What cause have backbenchers to pull troops from the front? There is room to complain, if you want — but to surrender Iraq? Hardly any. Casualties are low for the million soldiers rotated in and out of theater over three years, and if repeated polls recording strong morale were insufficient, high reenlistment and recruitment rates show confidence among those who have and who will serve.

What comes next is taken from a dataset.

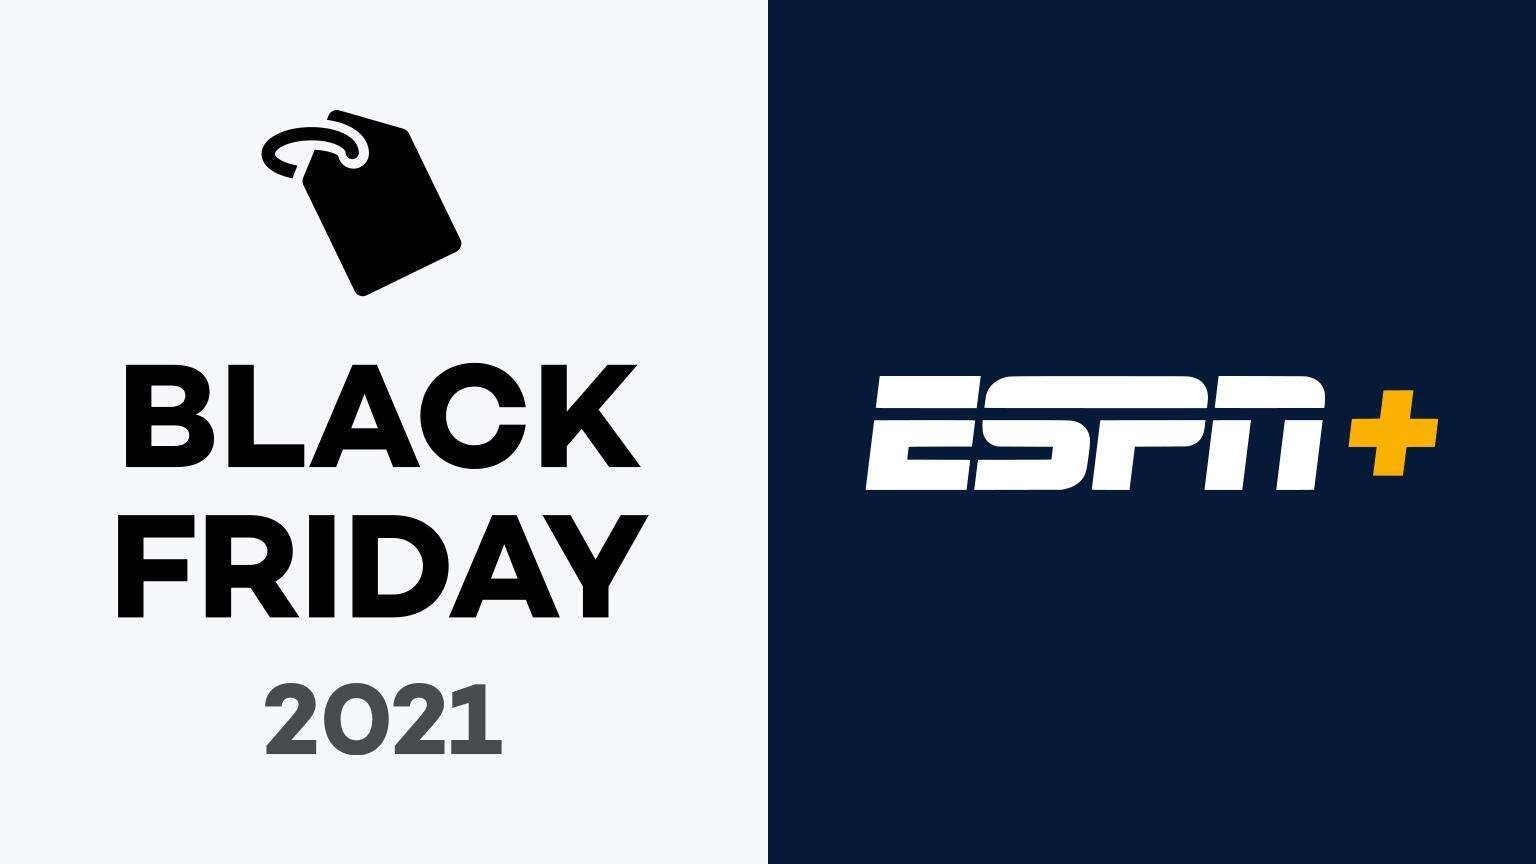 ESPN+ Black Friday 2021 Deals What Are the Best Ways to Save on ESPN

The Iraqis fight our common enemy, defending a way of life with which they have just been acquainted. But opposition Democrats generally refer to Iraqis in a third person reserved for inanimate objects. And for the disavowal of Operation Iraqi Freedom to be politically successful — I will be charitable here, Democrats may not have guessed this — no Iraqi must live to tell the tale. If that is Democratic Party policy, it is something of an indifference to liberty itself. Were they to regain federal power, what would Democrats do about Syria and Iran; or democratic progress in Egypt, Saudi Arabia, Bahrain, Kuwait, Jordan and elsewhere? What happens five years from now, when Iraqi democracy and civility has been asseverated?

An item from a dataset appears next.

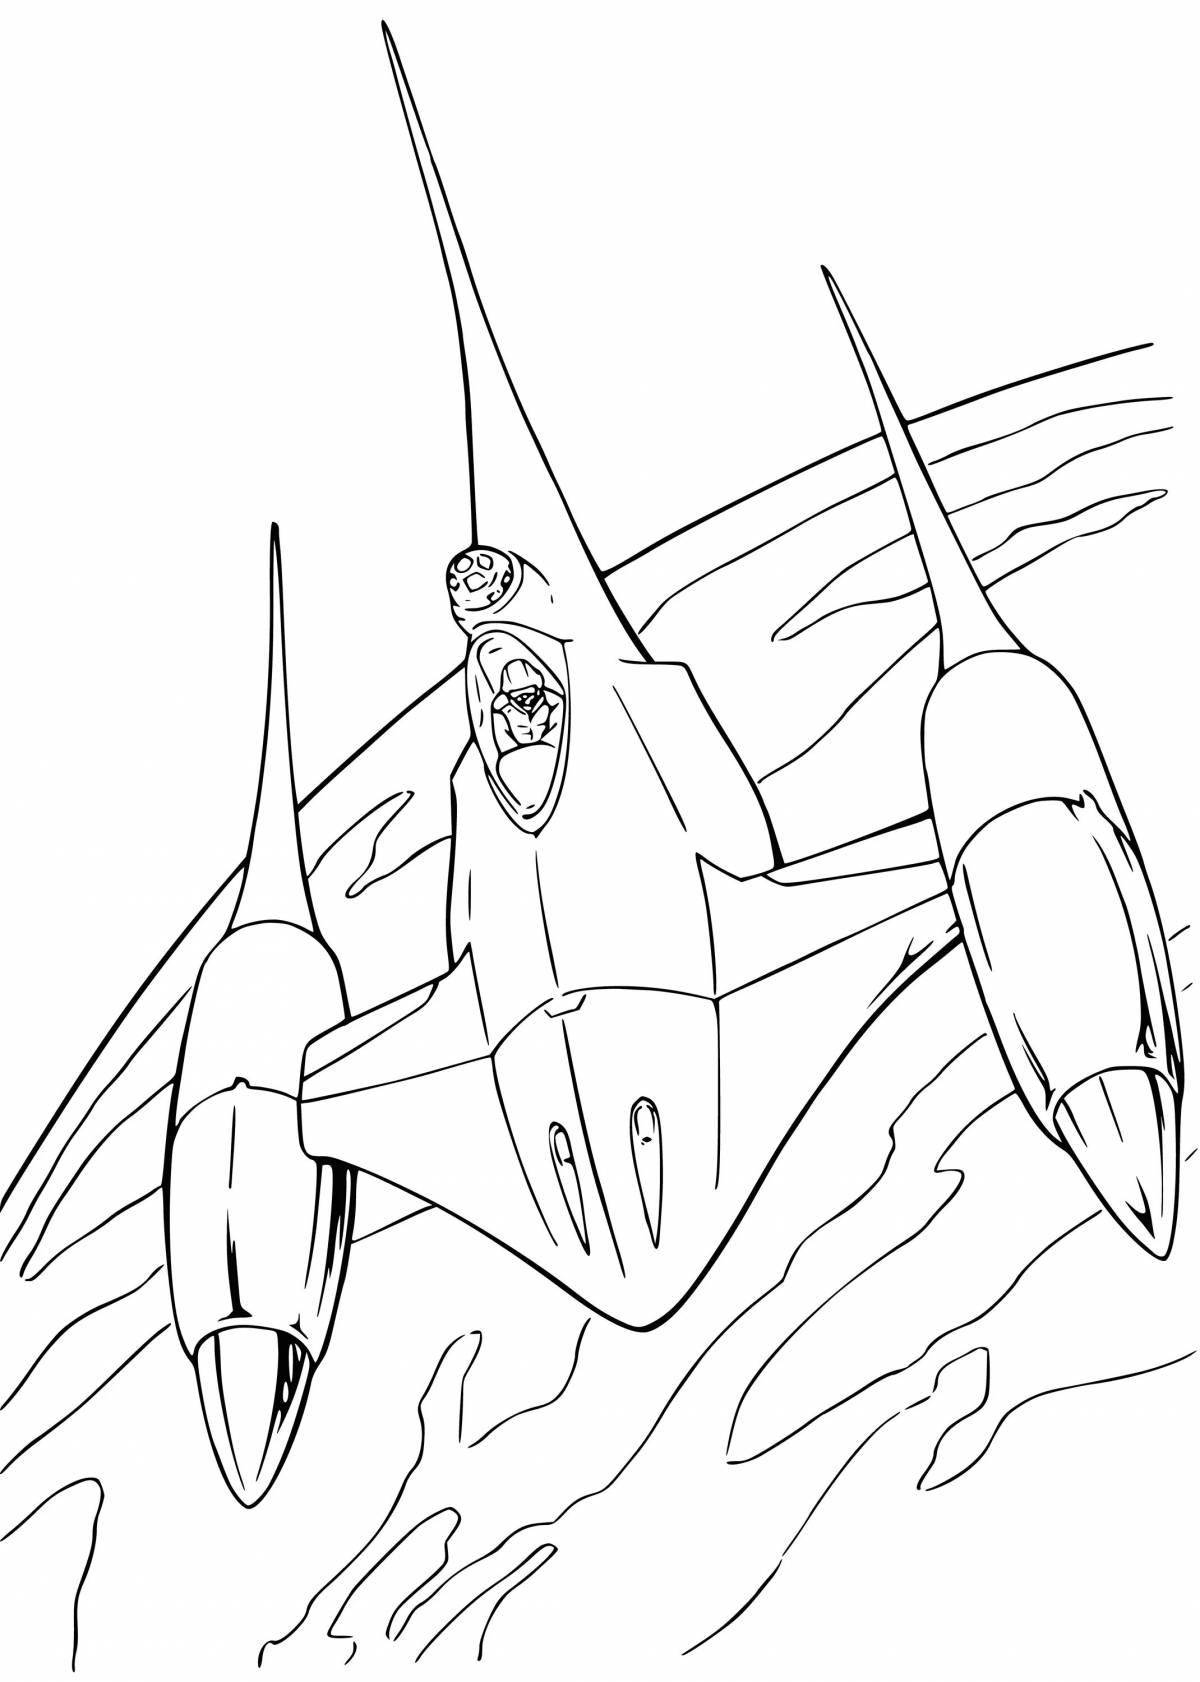 Radiant space wars coloring page

Casting off a certain people as savages is all well and good until you actually run into one of them. How might members of a Democratic administration or congressional delegation greet elected representatives of Iraq, whose country, their party argued, should have been left in the hands of Saddam Hussein — or campaigned to abandon to the enemy, which converged, lymphocytic, on a foreign body politic? What does a Democratic envoy say to someone whose liberation and societal revolution culminated a military campaign he publicly consigned to dysphemisms? Oh, hello! I really didn't expect to see the likes of you outside of a documentary, as part of some crazy escape like we saw attempted by the Boat People — in your case, I guess, Camel People. Well, no need to think about such things. When I talked about a "mistake" I didn't mean you, but, you know, the circumstances. Things turned out, though I'd have done them differently. So there we are! Does one say something like that, or does one simply say nothing at all and, when pressed, forswear any impertinent statement?

And to whom will that appeal stateside? There is the adage that what makes Americans magnanimous also imbues ambivalence, so that every two or four years the electorate will concern itself with trifles and vote, with respect to party, towards equilibrium. History shows otherwise, particularly from this country's last great moral disambiguation, that of which men had certains rights inviolable: The crumbling of the Whigs, the inception of the Republicans, the split of the Democrats; Republican victories in nine of eleven presidential contests and Republican Houses won in 14 of 23 midterms, from Confederate surrender until the party's 1912 Conservative-Progressive split.

Today comes moral clarity again. Iraq's parliamentary elections will be held tomorrow, but diasporic voting in fifteen countries has gone on all week. Security is tight at polling locations yet lines are long because Iraqis will finally popularly rule their country — they have been seen smiling, laughing, cheering, crying, right index fingers colored purple. Yesterday a television news crew from — surprise — Fox News filed a report on Iraqi exiles in Michigan. Towards the end of the brief an old expatriate, curly grey hair and thick glasses, holding her inkstained finger aloft to huzzahs from onlookers, cried "For Iraq!" Facing a news camera, the woman continued in an accent embossed with trills.

"Without America, we couldn't accomplish this, we couldn't come to this. Anybody who does not appreciate what America has done," she said, eyes wide, stepping back and raising her voice, "and President Bush..." She looked down. "Let them go to hell." The Democratic Party is halfway there.